3.3. Relative Humidity Response Measurement

In this section, we will discuss relative humidity sensing responses in two ways, such as the wide-dynamic-range response and the detection of the incremental change response. The current voltage (I-V) characteristic curves of S−84 under different relative humidities are shown in Figure 4a. It is clearly observed that the current level increases with increasing relative humidity. This kind of relative-humidity-enhanced current conduction is known to be caused by the dissociation effect of absorbed water molecules on the surface of MOx molecules [45]. The XPS result of S−84 may show how the oxygen vacancy promotes the formation of conductive ions such as H+ and H₃O⁺. This increases the current through the hopping of these ions between neighboring hydroxyl groups [48]. According to the literature, the surface with hydroxyl functional groups can provide a hopping path for proton transport. Water molecules may cover such surfaces to promote hopping [51]. In our low-temperature SnOx layer, the amorphous SnO₂ may be mixed with some remaining byproducts (such as hydroxides, SnOH, and contamination of organic residue). Hence, the electron-conducting path may be formed by interconnecting the high-level oxygen vacancy network as well as the hydroxyl-rich parts. Hence, in a high relative humidity environment, water molecules cover the hydroxyl-rich parts to promote the hopping-related current. It is plausible that the very sensitive RH response is because the hopping serves as a bottleneck in the conducting path. Thus, the surface current level increases after attaching water molecules to the SnO₂ film. To keep a high enough current level when tuning the relative humidity, we chose 7 V to bias the sensors in the following sensing response measurement.

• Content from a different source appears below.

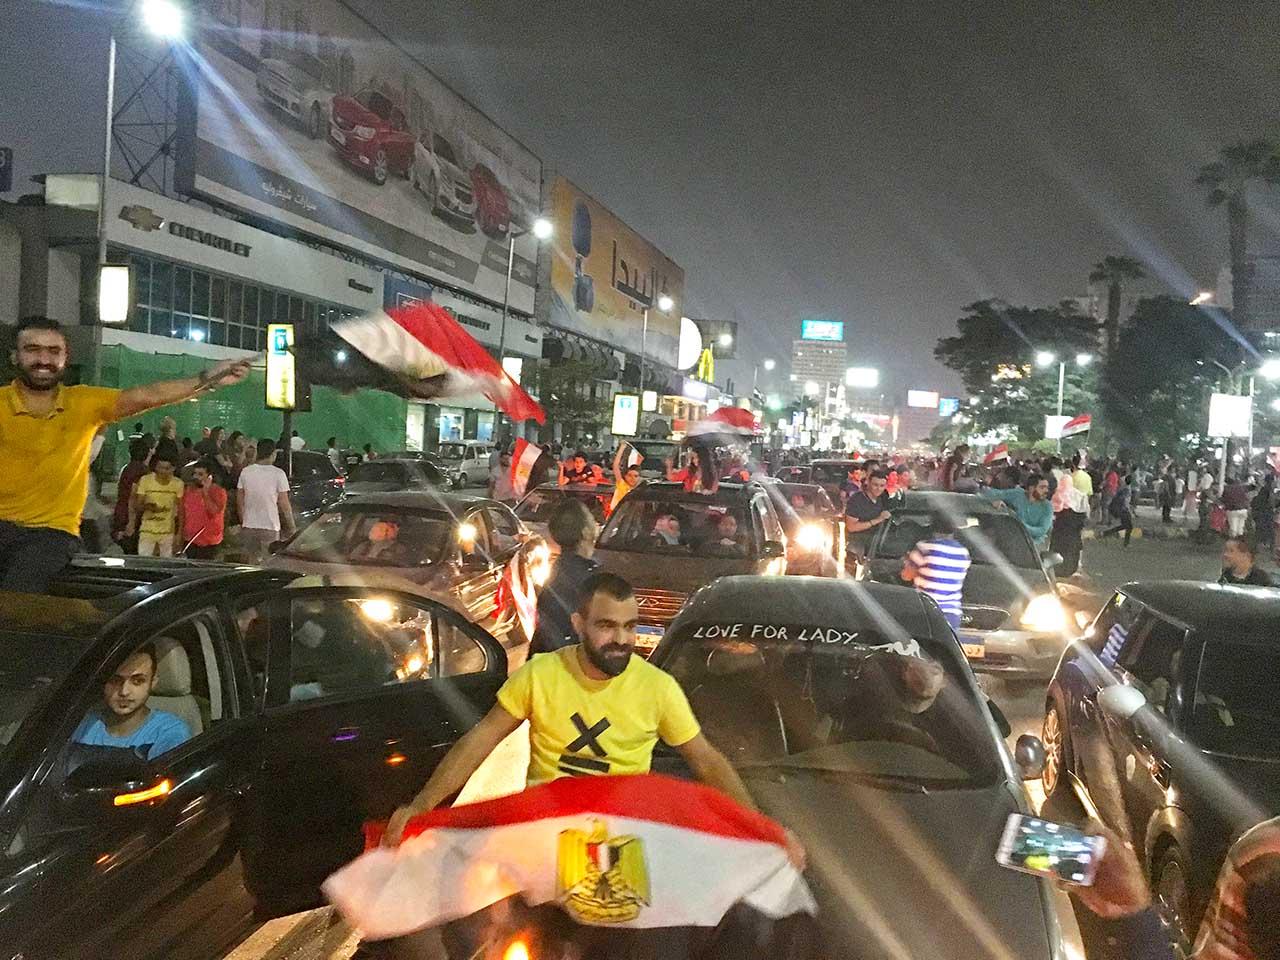 fatos interessantes sobre o Egito

The wide-dynamic-range responses to relative humidity, RH (%), of 20%, 30%, 40%, 50%, 60%, and 70% are plotted in the current vs. time plot in Figure 4b. The measurement system is shown in Figure S1, and the background air exhibited a relative humidity of 15%. As mentioned before, increasing the relative humidity increases the current level. The response time, Rs_T90, (marked in cyan blue color) and the recovery time, Rc_T90, (marked in yellow color) of the proposed sensor are 90 s and 150 s, respectively. Here, T90 indicates the time taken by the sensor to show 90% of its initial response (Figure 4b). It is noted that, in a later section when performing real-time breath monitoring, we do not need to wait for saturation. As compared in Table S2, the response time (90 s) is not particularly low but is comparable to most prior reports. The sensing response was defined as the current change amount divided by the current in background air (1 nA in RH:15%) and is plotted as a function of relative humidity in Figure 4c. Specifically, when the relative humidity changed from 15% to 70%, the response was as high as 324,000% for S−84. The linear line obtained in Figure 4c indicated a power law dependence between the current conduction and the relative humidity, which agrees with prior reports [52]. It is noted that the detected range (RH 15% to 70%) was limited by our relative humidity control system. The linear curve in Figure 4c implied a wider detective range of the proposed sensor.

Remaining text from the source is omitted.